### Work order
Copy exactly. Begin at the line containing "(色 : Natural black)" and stop at the last line of the entries, omitting any pictures.

### Provided data
┏━━

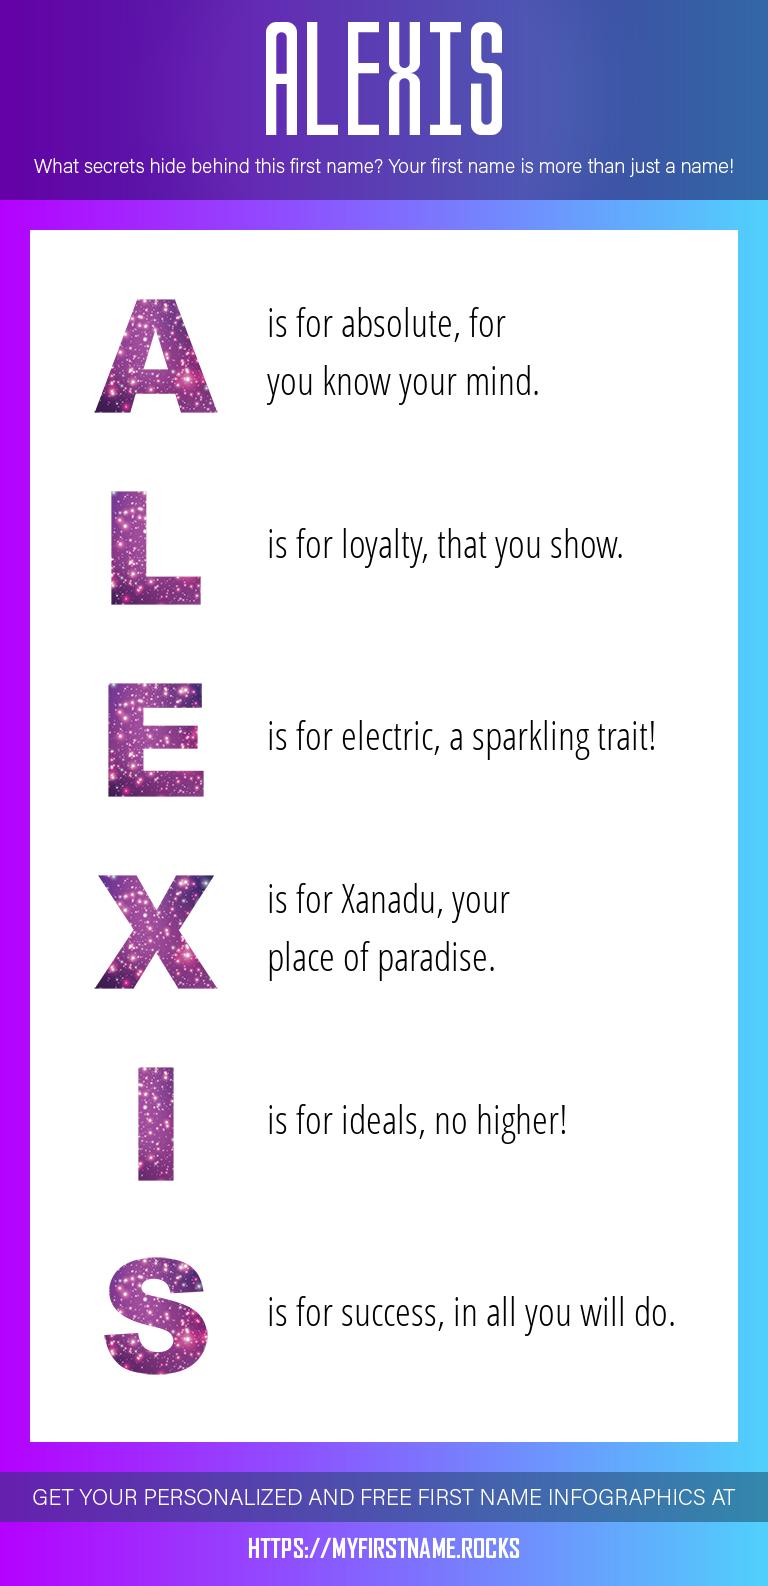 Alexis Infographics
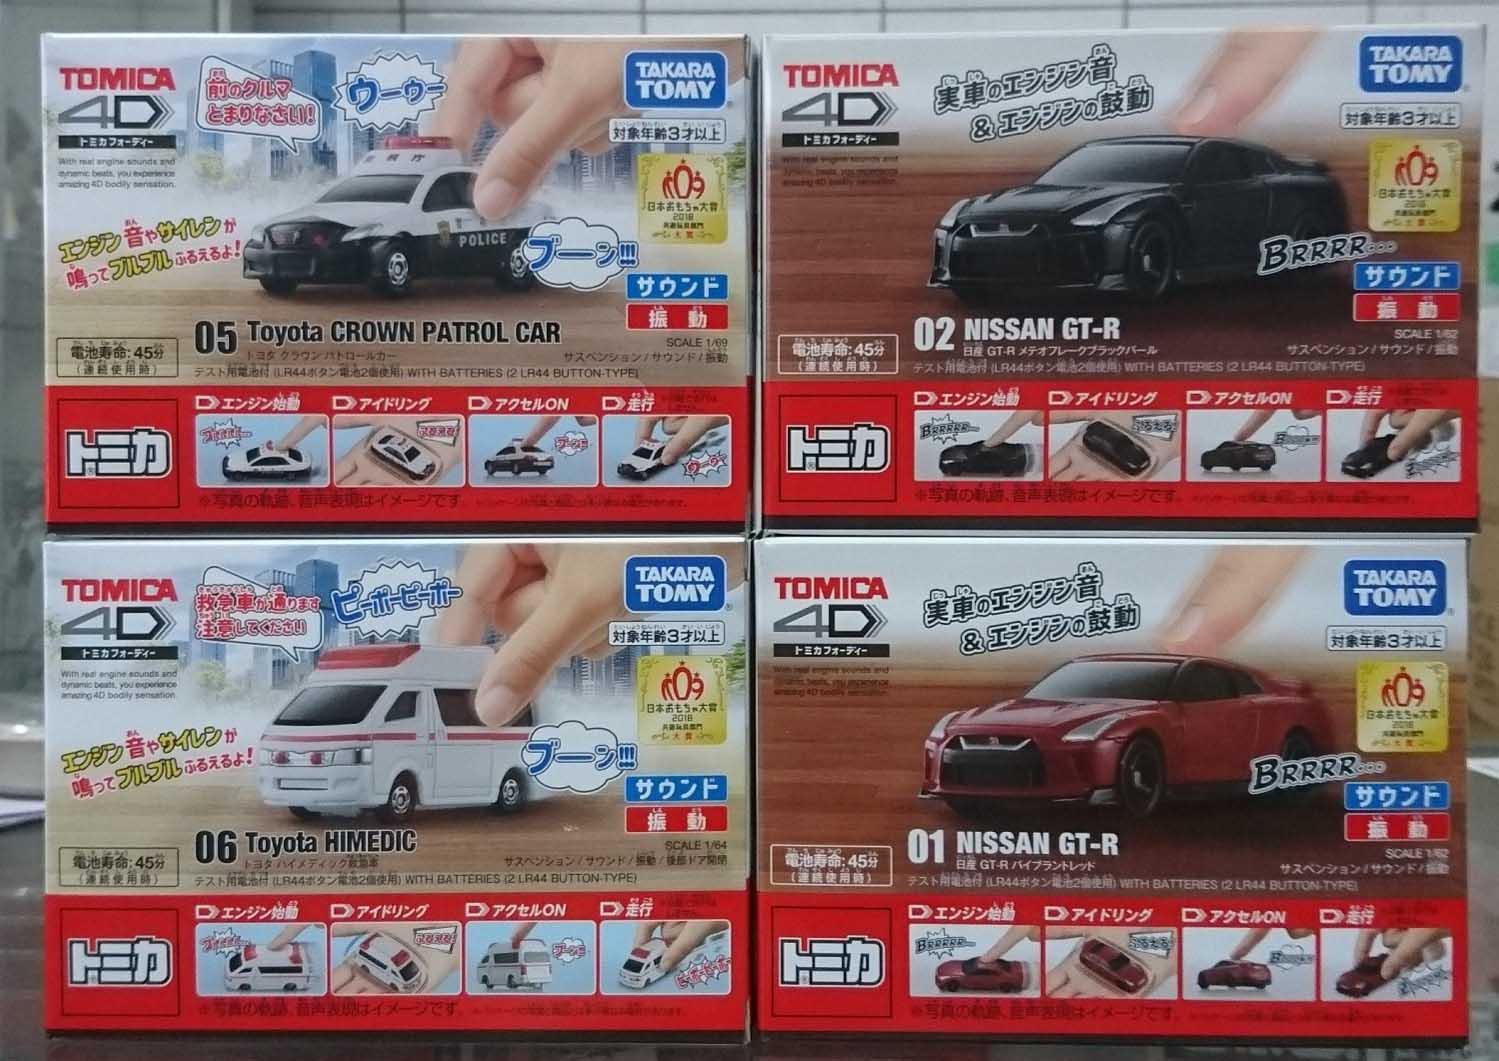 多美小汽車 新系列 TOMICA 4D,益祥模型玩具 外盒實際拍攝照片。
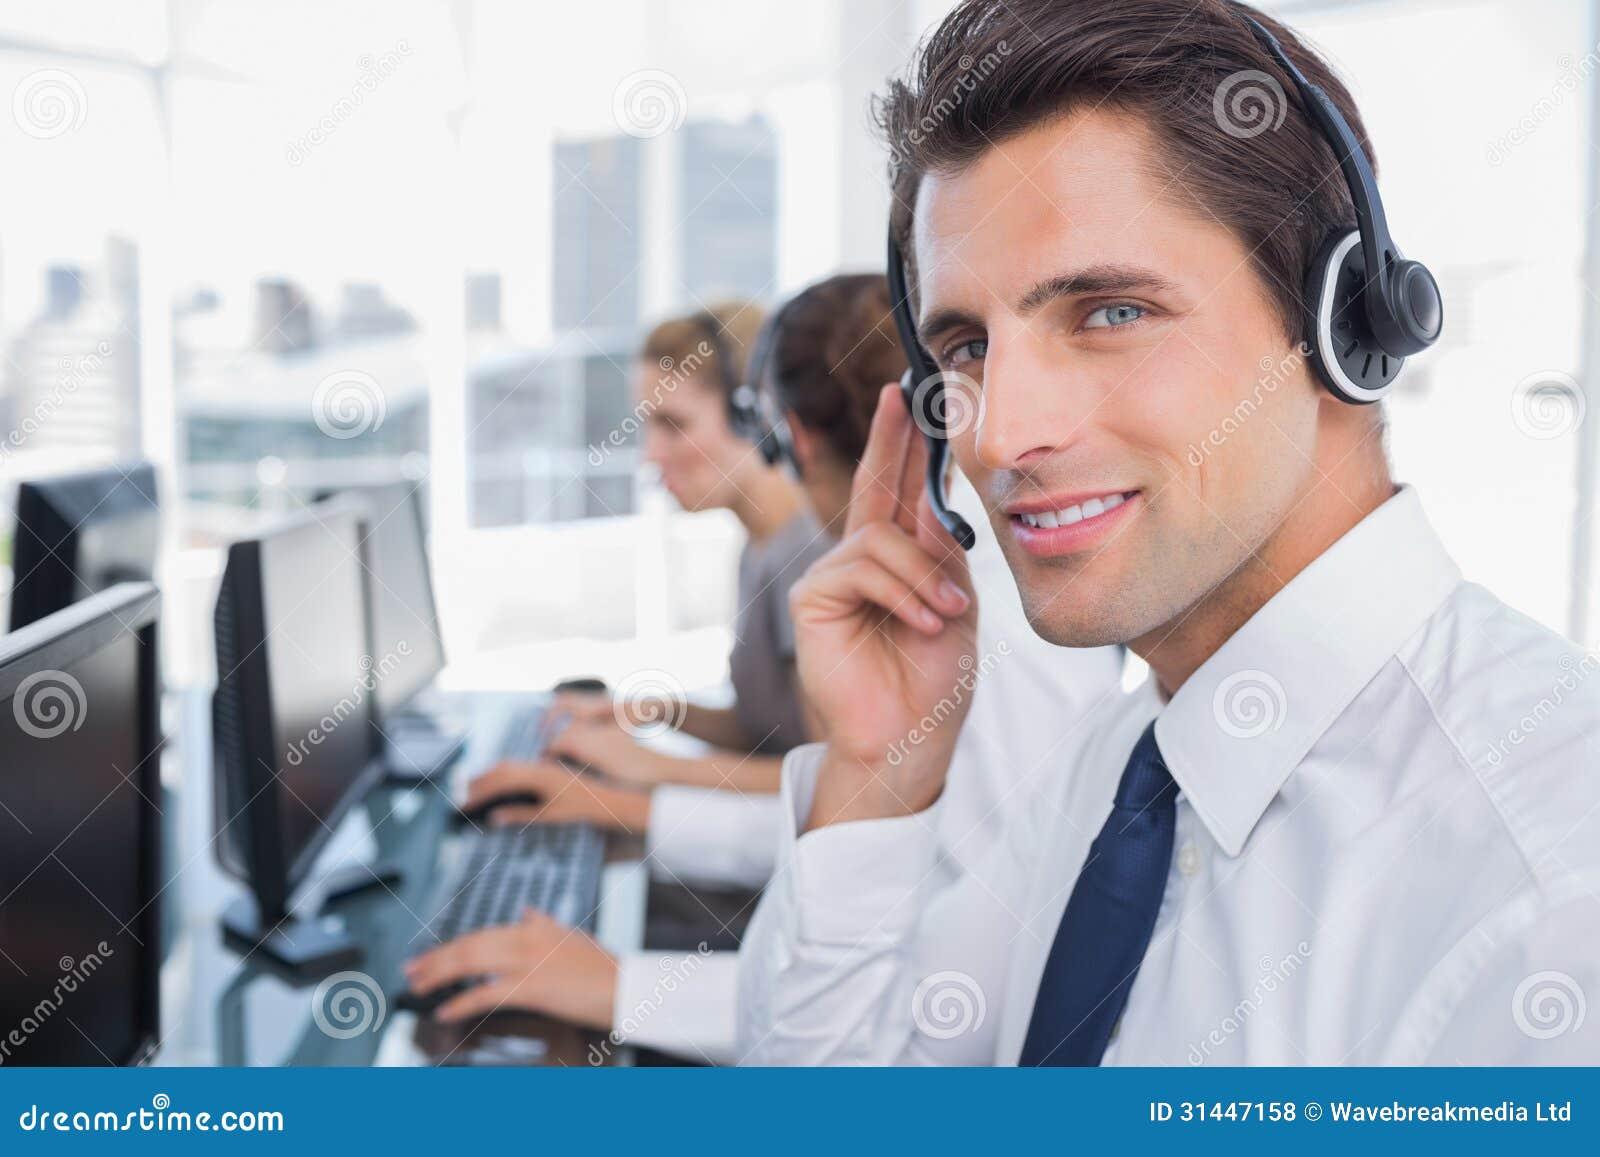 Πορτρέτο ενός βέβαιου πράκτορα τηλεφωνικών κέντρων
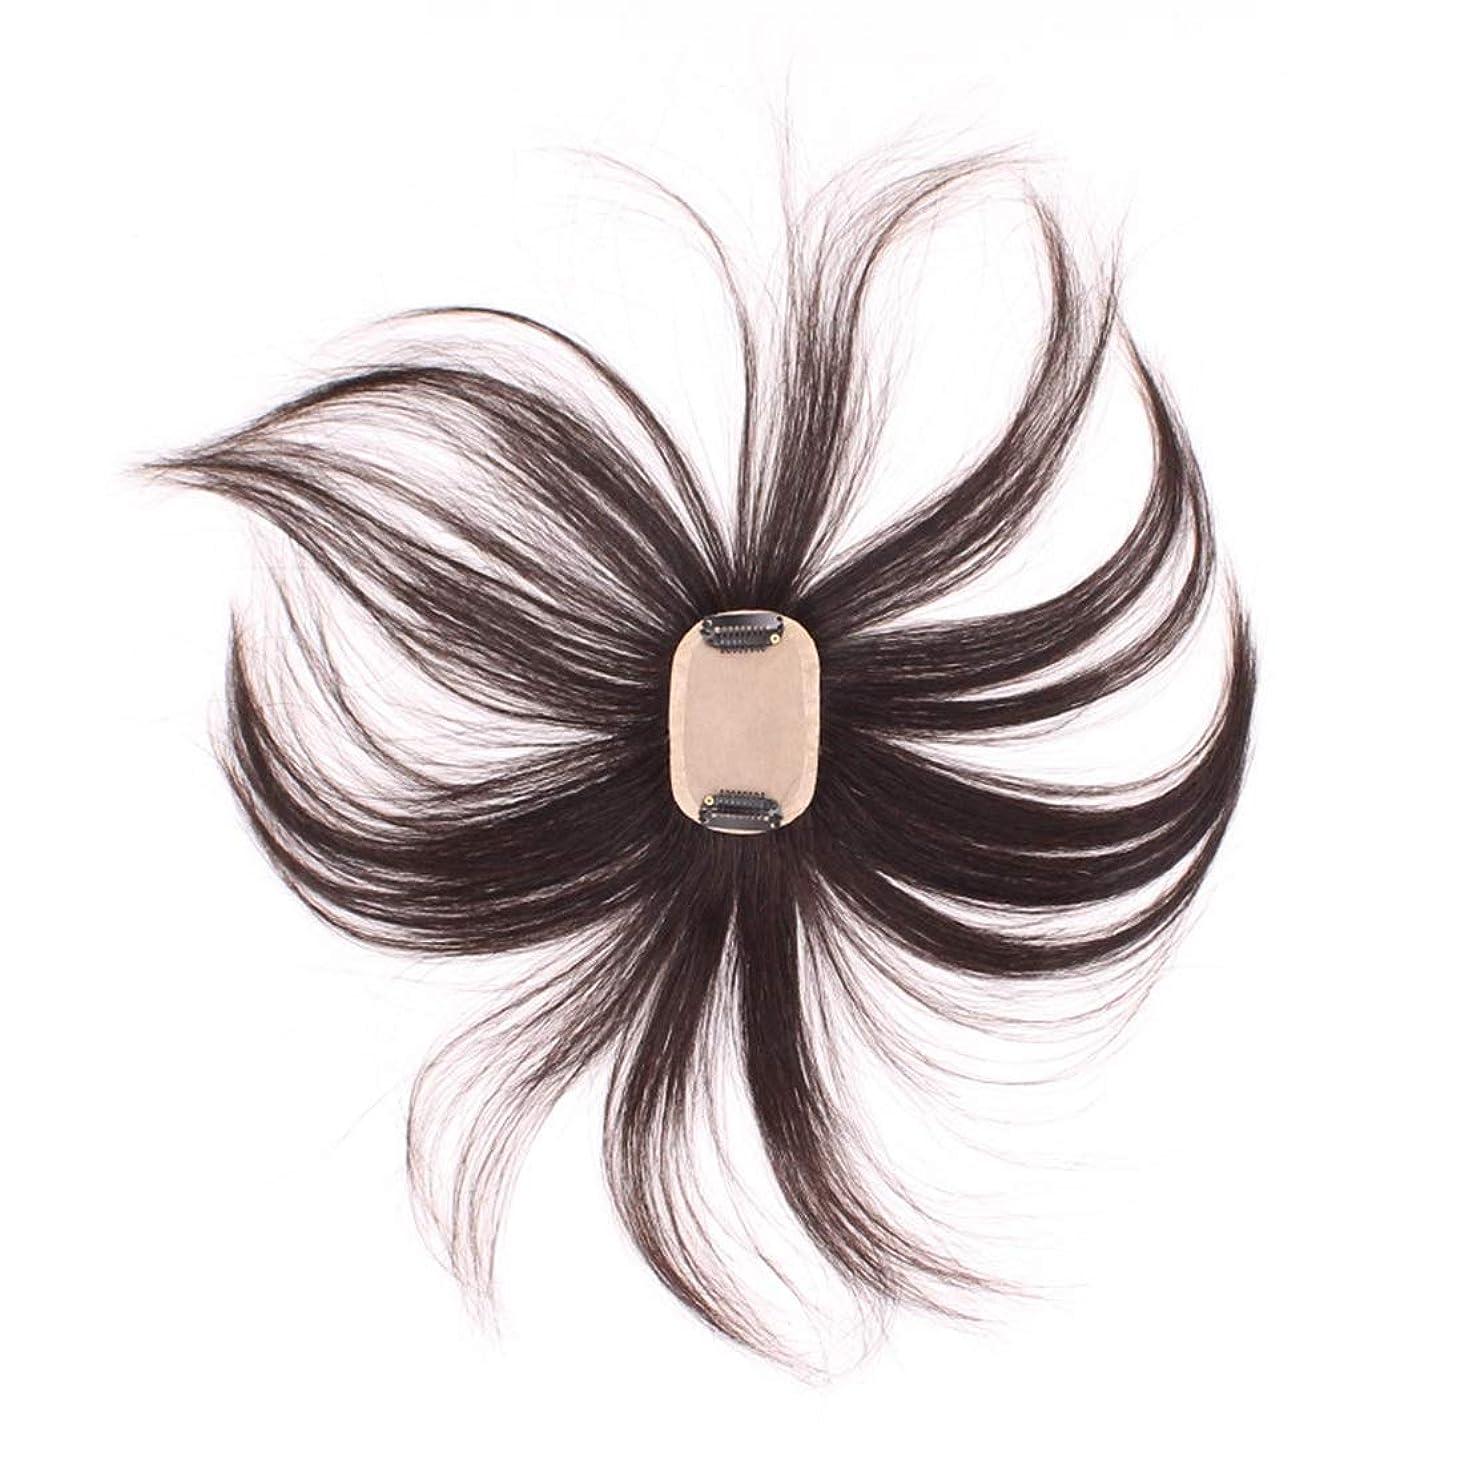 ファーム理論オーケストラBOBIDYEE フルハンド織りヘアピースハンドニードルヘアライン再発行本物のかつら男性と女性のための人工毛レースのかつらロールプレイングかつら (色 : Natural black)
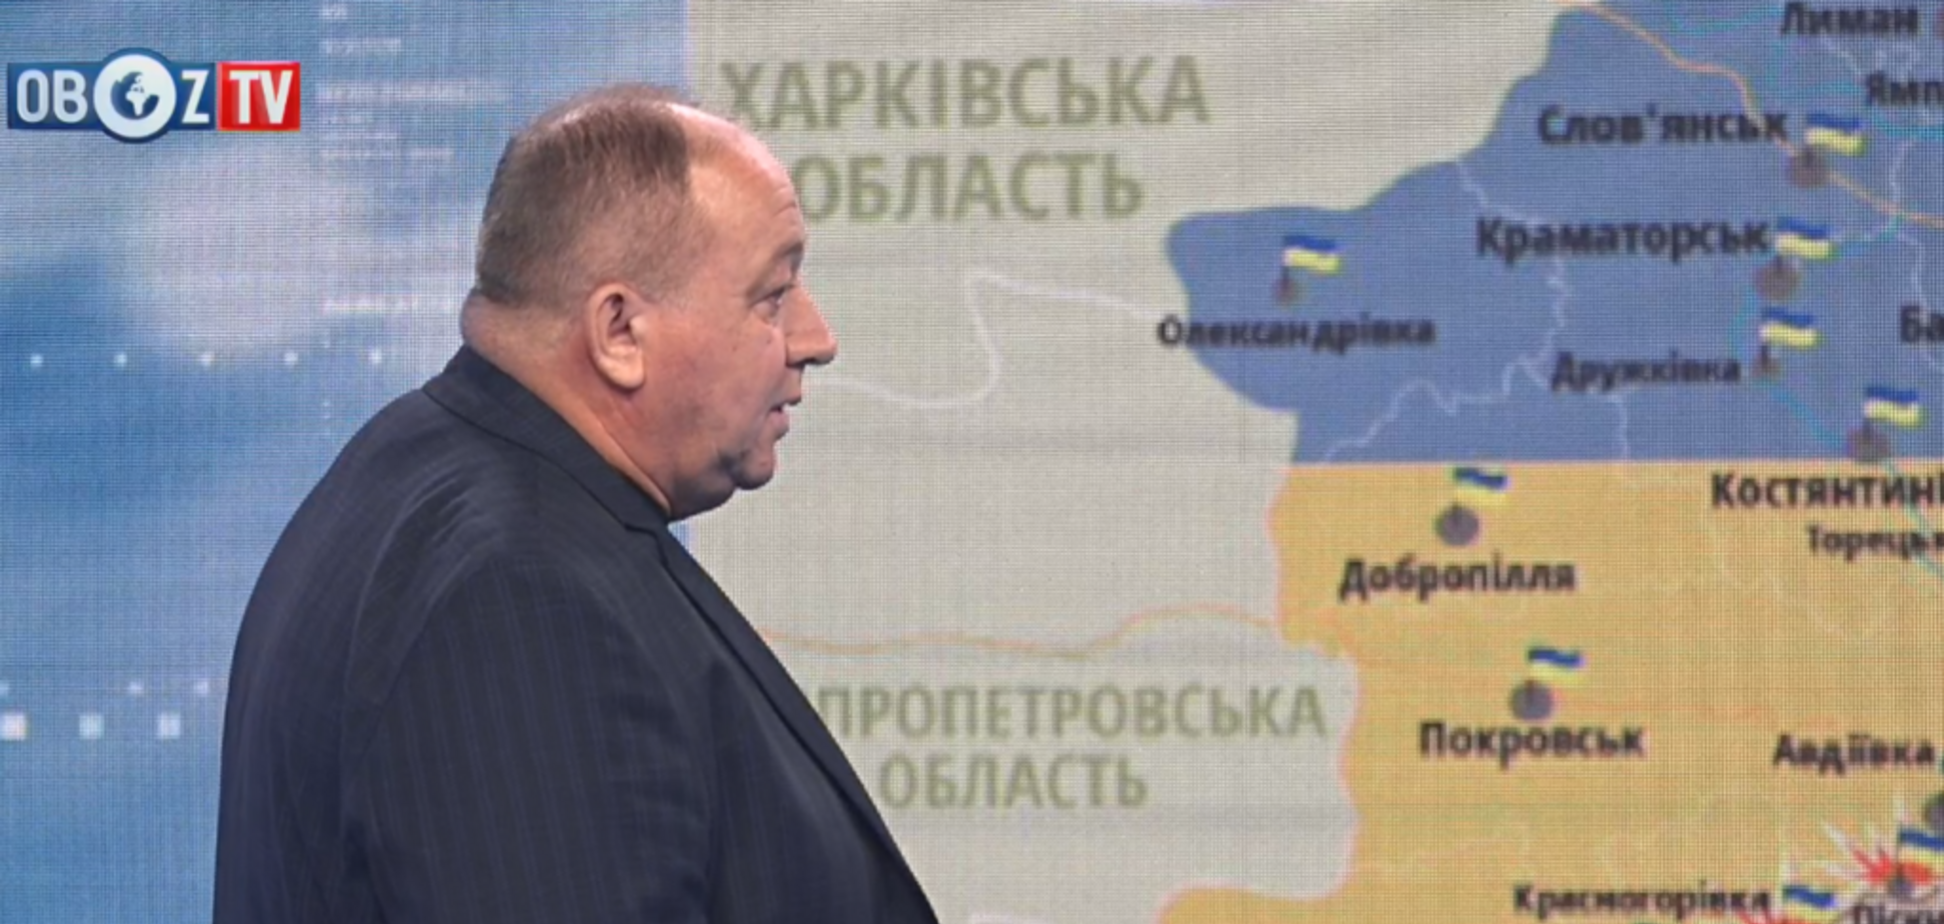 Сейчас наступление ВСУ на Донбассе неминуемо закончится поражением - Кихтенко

┗━━

### Expected output
 ファーム理論オーケストラBOBIDYEE フルハンド織りヘアピースハンドニードルヘアライン再発行本物のかつら男性と女性のための人工毛レースのかつらロールプレイングかつら (色 : Natural black)
 Сейчас наступление ВСУ на Донбассе неминуемо закончится поражением - Кихтенко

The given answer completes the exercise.